Phase angle has been used as a good prognostic factor for postoperative complications, for different types of surgery, even after adjusting for individual confounders (3). It has also been proposed as a prognostic indicator for weight loss in patients undergoing bariatric surgery. Studies observed that lower values of baseline PA in those patients are associated with insufficient weight loss (2,12), suggesting that inflammation status in the preoperative period can be a determinant of surgery success. In our sample, approximately one third of patients presented with low PA, which indicates low cell integrity, and led us to hypothesize the presence of inflammation.
Although some studies indicate that low PA is also associated with some body composition components such as muscle mass and total body water (2,13), no statistically significant correlation was found between PA and percentage of skeletal muscle mass (% SMM) or other components evaluated in our study. We used the cutoff point of 5.0 ° proposed by Norman et al. (2012) (3) for the determination of low PA, as there is no reference value for our population, to our knowledge.
In our results, low PA was associated with hyperuricemia, even after adjustment for waist circumference, dysglycemia, arterial hypertension, and hyperuricemia. There was no separate association between PA and these other conditions. Hyperuricemia is a condition very often found in the obese population, including in our sample, and also associated with inflammation and higher cardiovascular risk (14,15).
The results of Kennan et al. (2012) suggest that the increased cardiovascular risk associated with hyperuricemia precedes obesity or metabolic syndrome, and that higher levels of uric acid increase the risk for a cardiovascular outcome by a factor of 2-3 (14). It seems that uric acid contributes to oxidative stress, decreases the release of anti-inflammatory adipokines, and increases that of proinflammatory ones (16), but its contribution to cardiovascular events, as an independent factor, has not been settled (17,18). Considering the recognized contribution of uric acid to cardiovascular risk, our results led us to believe that a low PA in severe obese individuals could be used to evaluate cardiovascular risk in this population.
We found no significant correlation between PA and fasting glycemia or between PA and HbA1c, a long-term marker of glycemic control; however, for the latter, a tendency toward significance was found. This might indicate that exposure to high glycemic levels can affect cellular integrity (19).

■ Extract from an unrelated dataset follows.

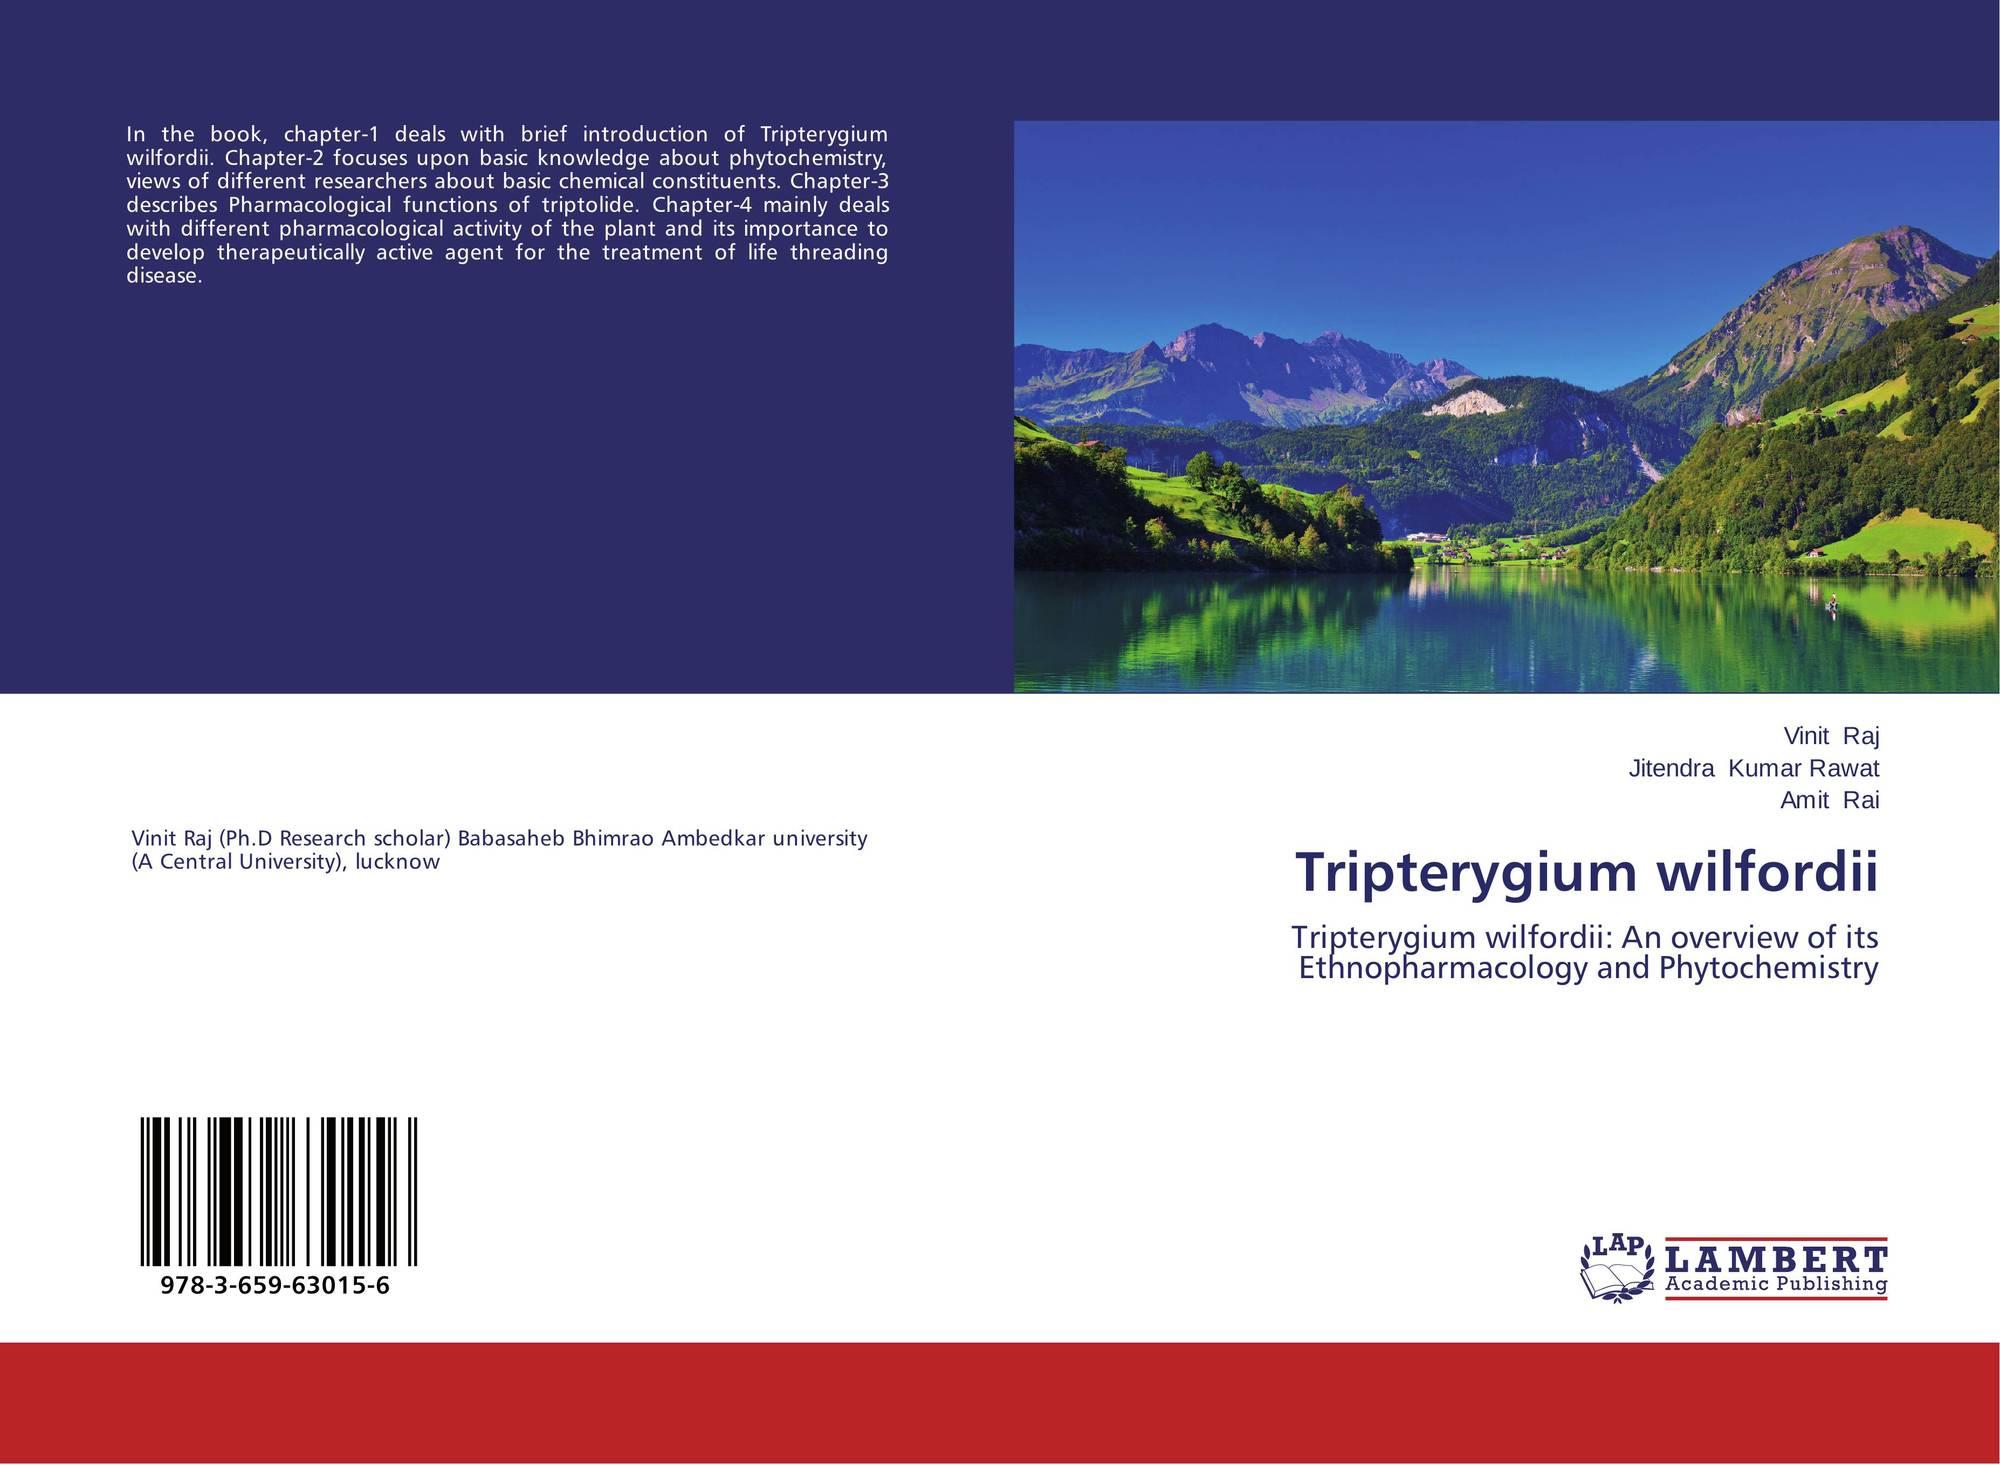 Tripterygium wilfordii, 978-3-659-63015-6, 3659630152

The small number of patients enrolled in the study due to missing BIA results and some metabolic information could be a limitation of our study; nevertheless, only a few studies have investigated PA in very obese patients. This group, mainly when undergoing bariatric surgery, needs effective indicators to evaluate possible complications.

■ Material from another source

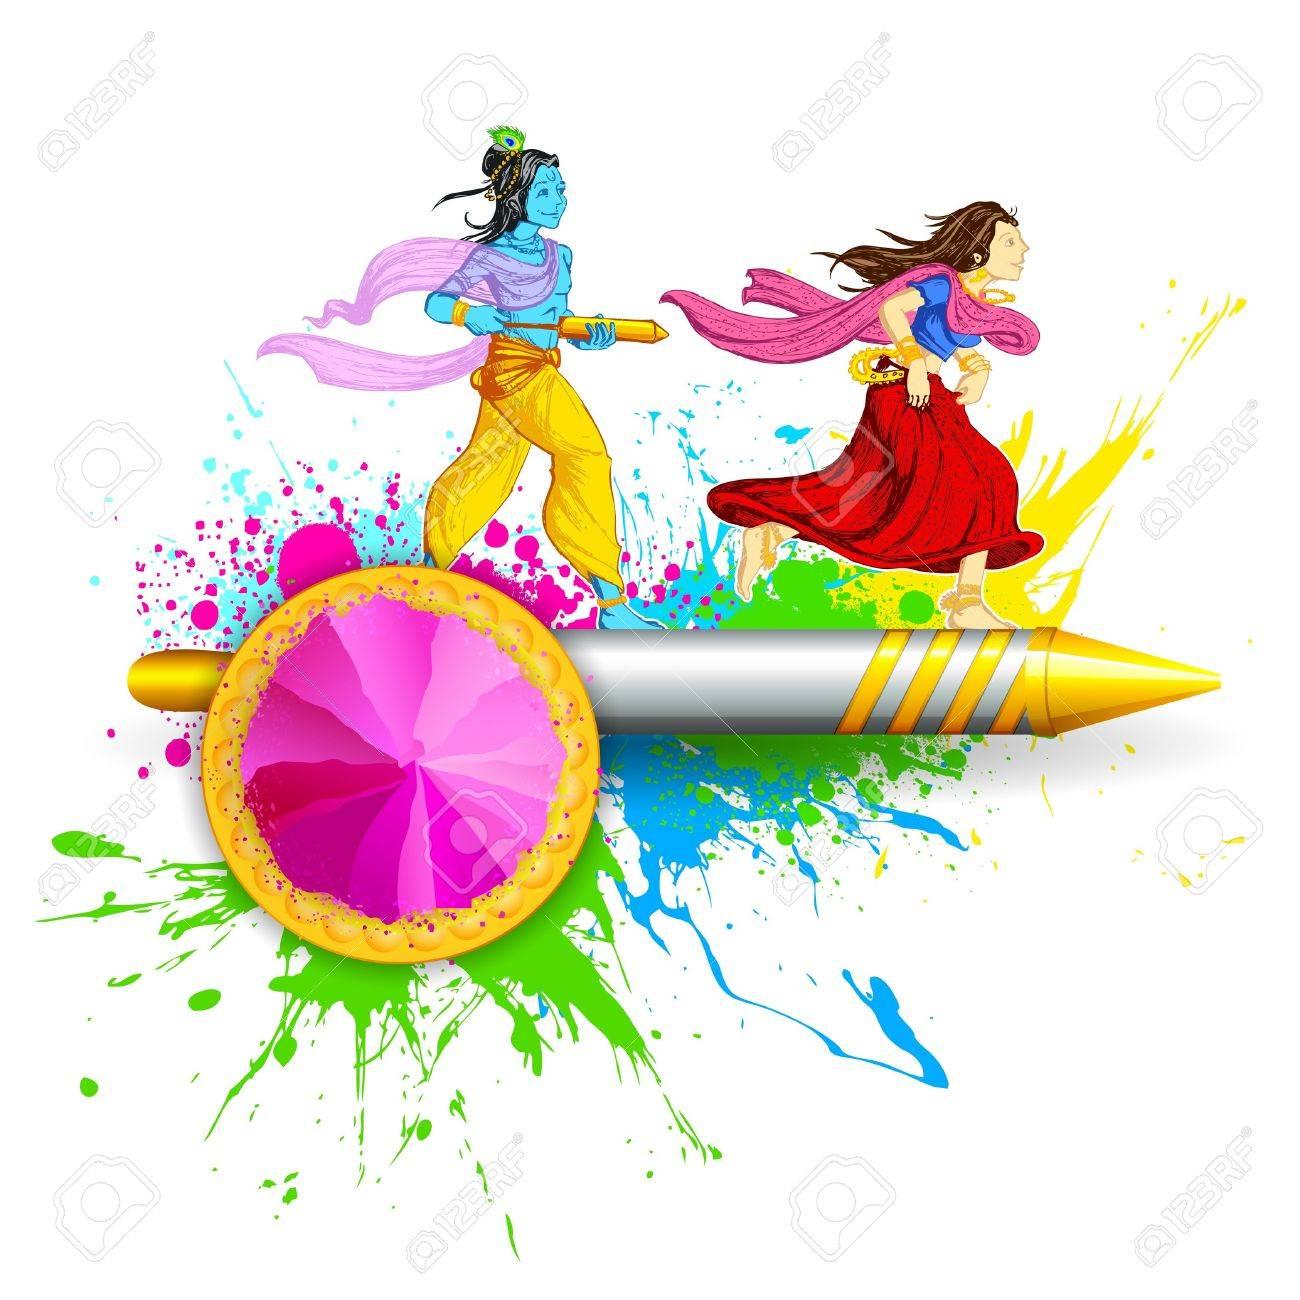 illustration of Radha and Lord Krishna playing Holi Stock Vector - 18089730

Our study shows the association between low phase angle and uric acid, and a tendency for them to be correlated with HbA1c in the presence of severe obesity. This association suggests that PA can indicate an unfavorable metabolic profile in those patients. Studies with higher numbers of participants should be conducted to further investigate the use of PA as an indicator of the metabolic profile.